Extended Duration Treasuries

I am back. Sorry for the long hiatus.

My last entry discussed extended duration treasuries and their role in a portfolio. If you have been listening to financial industry experts and commentators during the spring and summer you may have been inclined to avoid mid to long duration treasuries. Some commentators have even suggested that you avoid bonds altogether and load up on dividend paying stocks or stocks with a history of increasing dividends.

I am not one to dissuade investors from investing in defensive stocks, high dividend stocks or stocks that regularly appreciate their dividend payout. However, discouraging people from owning bonds and especially treasuries in an environment that is at best volatile and at worst deflationary is bad advice. In mid July when I discussed EDV (Vanguard Extended Duration Treasuries ETF) the price was $82 per share. Today the price is close to $118 that’s a 44% increase in about 5 months. No other asset type has even come close to such a performance. These bonds pay just over 3% and have an average duration of 27 years.

If you have benefited from my advice and made  a 44% return on EDV then congratulations. But, one thing should be clear before you assume I am a “genius” and start expecting regular tips that will perform in spectacular fashion – I did not know that EDV was going to out perform other assets when I wrote to recommend that investors hold some in their portfolios. I was merely suggesting EDV as insurance against a downturn in the stock market. Keep in mind that EDV is very volatile but it moves in the opposite direction to stocks. What is surprising is that the level of appreciation has been much more than the decline in stocks. I think it may indicate the level of fear investors have in the current market valuation.

Investors should not purchase EDV at this time. The price is very high. I would wait until it is at or below $100 per share.

The debt ceiling and US treasuries

The August 2nd deadline for increasing the debt ceiling is fast approaching. If the debt ceiling is not increased, the US will be in unchartered territory. The US government taxes and borrows to fund its operations. With the ability to borrow abruptly stopped, it is possible that some checks such as Social Security, Medicare, Medicaid, and unemployment compensation will not be paid. Even if the debt ceiling is raised the rating agencies will most likely downgrade US government bonds from AAA to AA. Ultimately, the US government will pay its obligations but the damage to the US credit rating has already been done. As a result of the political theater we have witnessed in the pass few weeks, US debt will be downgraded for the first time in history.

What should people do? It is difficult to know what, if anything, should be done. A few weeks ago, I wrote about Extended Duration Treasuries. I recommended that those who want a hedge against a market downturn should consider holding an ETF such as EDV which is made up of long-term treasuries. Ironically, these US government obligations, are likely to go up in times like these. When treasuries were considered default free (that is what a AAA rating means) investors rush to them as the last resort to safety. Many wonder if the downgrade will affect the “safe haven” status. I think not. There are no alternatives. The Euro denominated debt is riskier and gold if very hard to asses especially at the current peak price at more than $1,600 per ounce. Last week the market dropped by close to 4%. By contrast, EDV moved up by 3.32%.

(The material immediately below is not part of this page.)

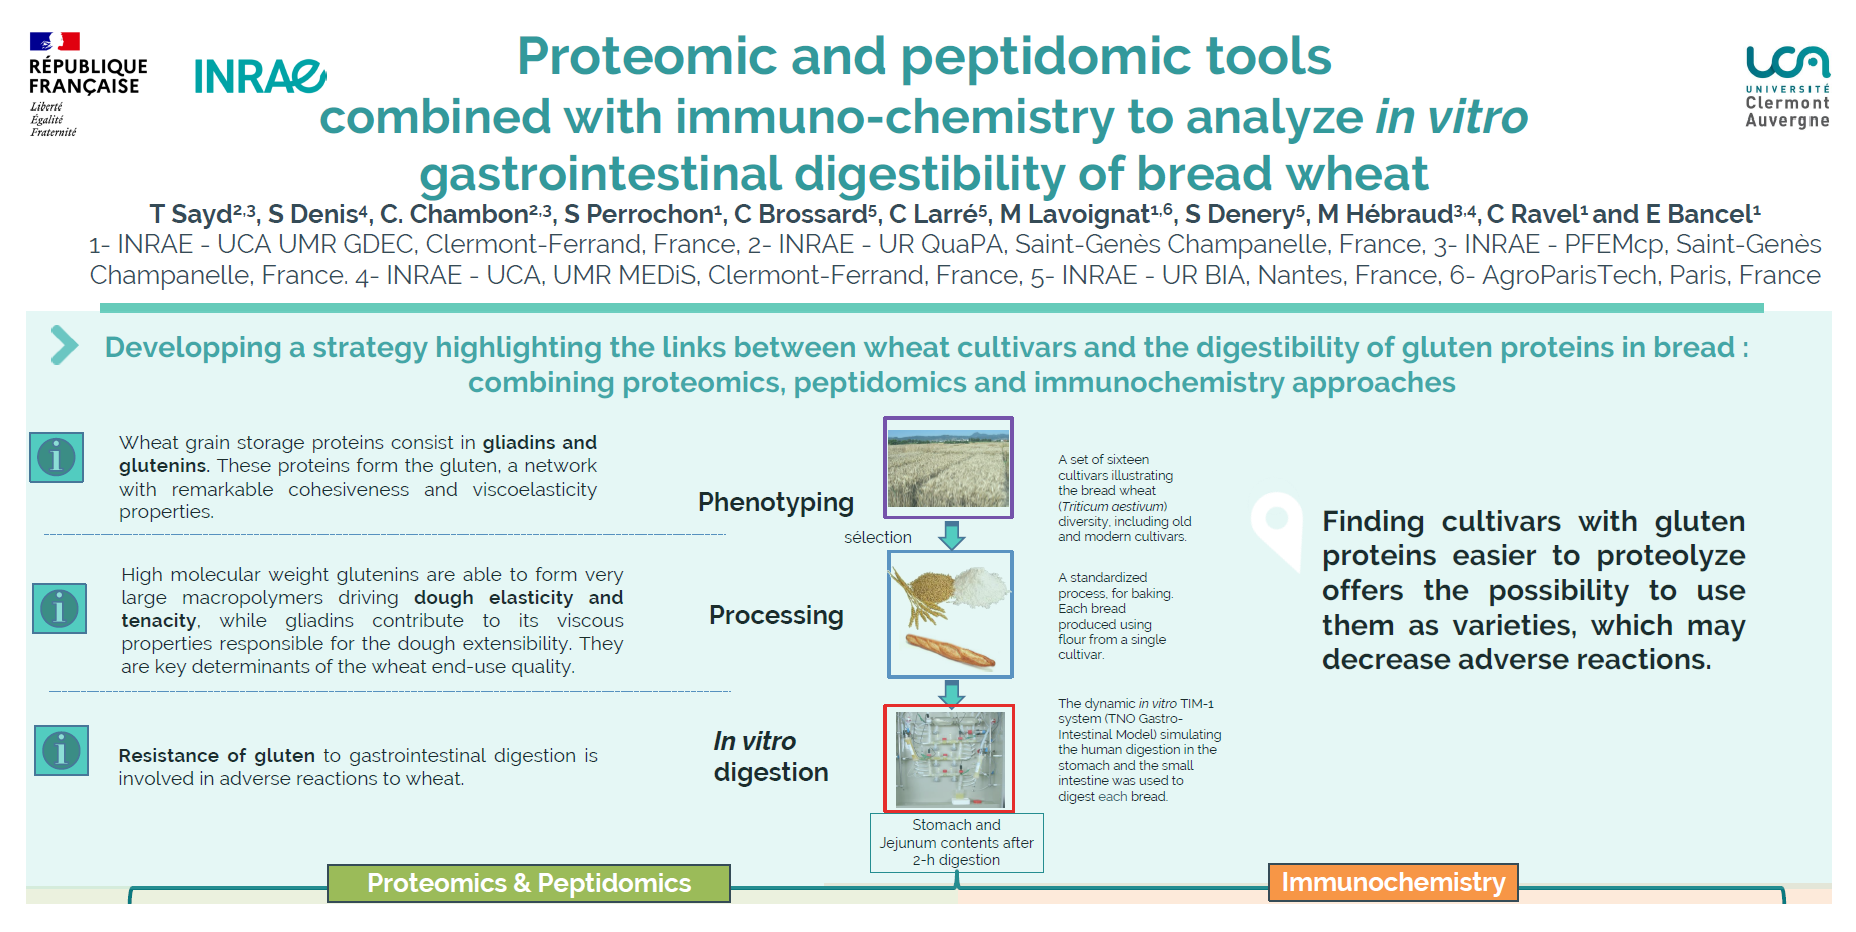 Outils protéomiques et peptidomiques pour analyser la digestibilité gastro-intestinale du blé panifiable in-vitro

I am not suggesting that investors should rush and purchase treasuries in large amounts because of what might happen next week or next month. We believe that investors should have a long-term view and not react to market movements on a short-term basis. Investors who have not built a diversified portfolio should read the investing section of this blog, and build a portfolio tailored to their needs. Within an investor’s portfolio, funds like EDV can play an important role as a hedge against market downturns. At least while there is no alternative US treasuries.

I-Bonds

 

In this low yield environment savers have a tough time finding low or no risk return over 1%. I-Bonds offer the best alternative for savers these days.  The current rate is 4.6% through October 31, 2011. The maximum purchase per year per person is $10,000 ($5,000 online from TreasuryDirect and $5,000 from your bank). The interest on I-Bonds is has two components: a fixed rate and a variable rate base on the CPI-U (consumer price index for urban consumers). This bond is basically a hedge against inflation and if you buy now before the rates are adjusted on Nov. 1 you will get the 4.6% for the next 6 months (effectively 2.3%).

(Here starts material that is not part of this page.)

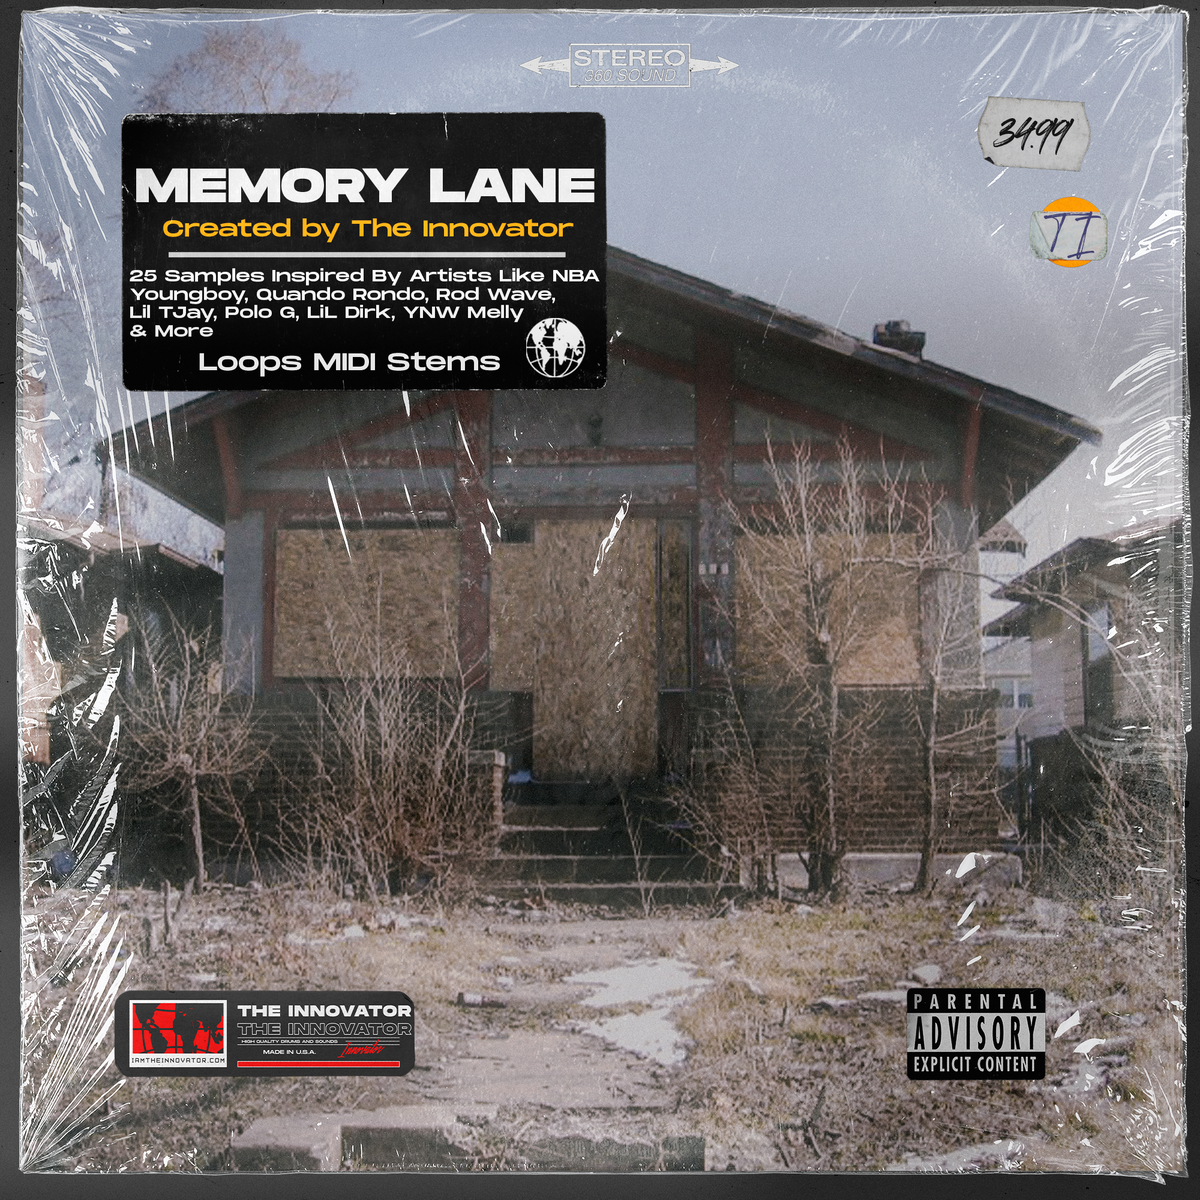 memory lane

Here are additional facts on I-Bonds:

  • You can redeem them at any time after a twelve-month minimum holding period
  • Interest, if any, is added to the bond monthly and is paid when you redeem the bond
  • I Bonds are sold at face value; i.e., you pay $50 for a $50 I Bond
  • I Bonds grow in value with inflation-indexed earnings for up to 30 years
  • If you redeem I Bonds before they’re five years old, you’ll forfeit the three most recent months’ interest; at or after 5-years old, you won’t be penalized

I-Bonds can earn zero percent in a deflationary environment but the holder is guaranteed his/her principle.

Save on health care

HC savingsA new type of primary health care service is now available in some parts of the US. The organizations that provide the care do not consider themselves insurance companies. Some refer to them as “direct primary care providers.” You can think of them as health membership companies. What is the main difference? Cost. If paying under $260 per month for a family of 4 sounds good to you, then read on…

I will discuss 4 care providers operating in different parts of the country. There may be more in other markets. If you know of one in your area, please let us know about it.

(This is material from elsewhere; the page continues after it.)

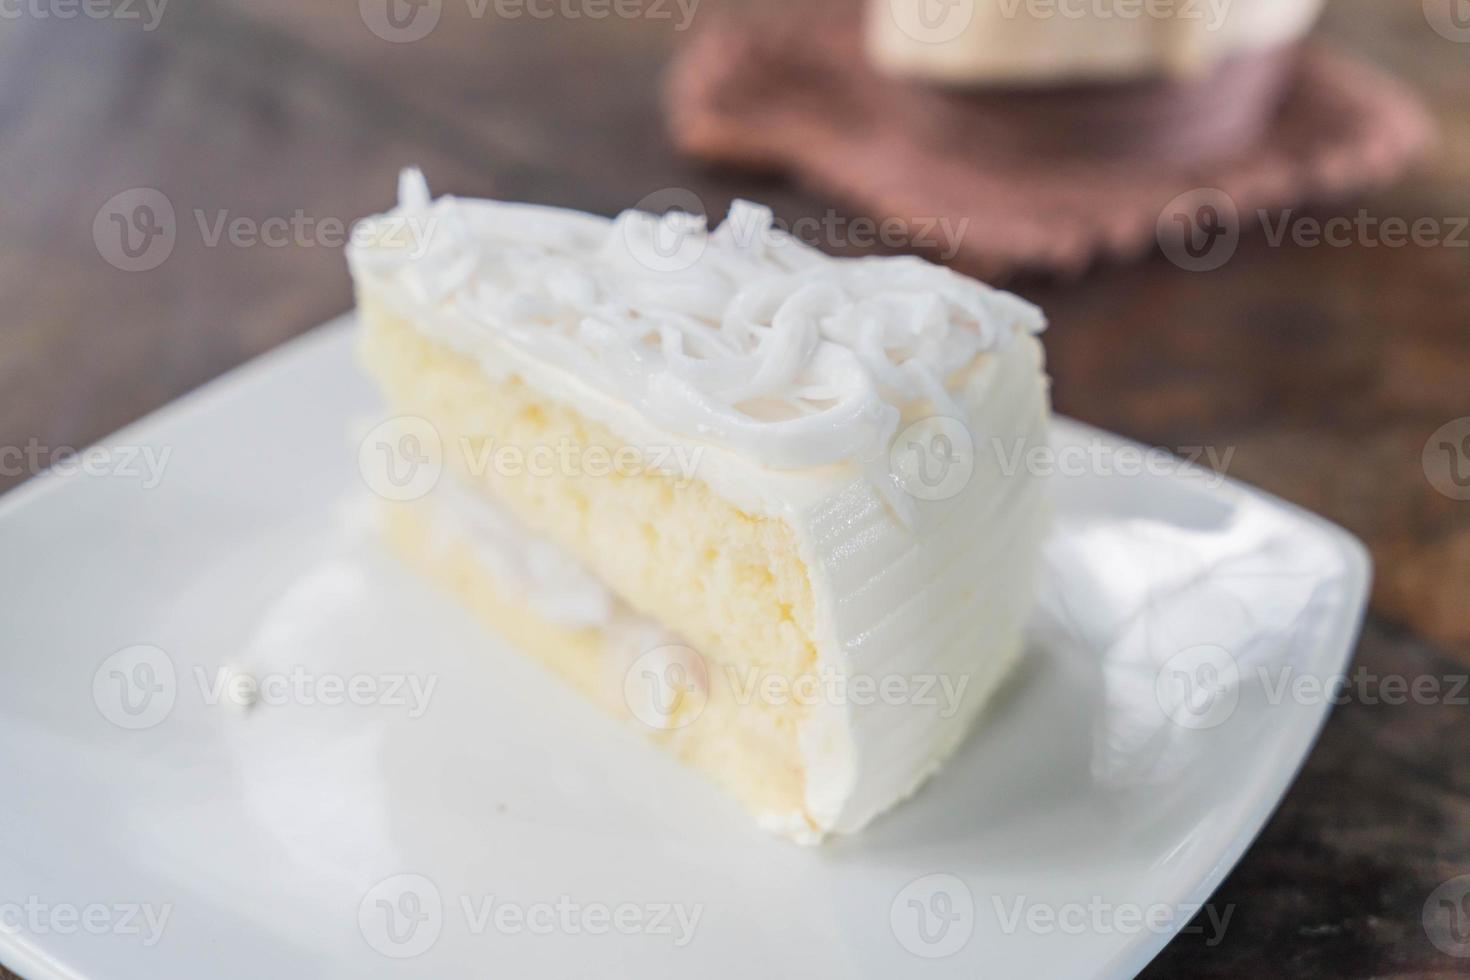 bolo de coco no prato branco foto

These organizations provide primary care and some offer discounts on medications, imaging, and lab work. No one is refused care on the basis of a pre-existing condition. There are no co-pays and you can have unlimited visits.

You will still need to purchase supplemental “Catastrophic Care” to cover major accidents that will require major surgery/hospitalization and the like. The supplemental care will likely have a high deductible such as $7,500 per person and a monthly fee of $100 to $300 per person (sometimes more).

If you live in the Seattle area consider joining Qliance. They offers two care plans: QL1 and QL2. You pay a one-time $99 fee per family to join and a monthly fee after that. The QL1 fees range from $49 for a child to $89 per month for a person over age 65.

QL2 starts at $54 for ages 14 to 19 and goes up to $129 for someone 65 or older. What you get is access to a primary care physician and the typical service with any primary care plan (See Plans for more details). Referrals to specialists are also included.

People who have switched to Qliance say the level of care is the same or better than with traditional health insurance plans they had. To find out more, see Yelp for reviews.

If you live in the Monterey and San Jose area of California, consider joining MedLion. The one time enrollment fee is $50 for a family (no matter the size). The monthly fee is $49 per person per month. Each visit is $10 (see Fees.)

You get the typical primary care package with additional discounts on lab studies and imaging.

If you live in the Bloomfield, NJ area, take a look at what Symbeo has to offer.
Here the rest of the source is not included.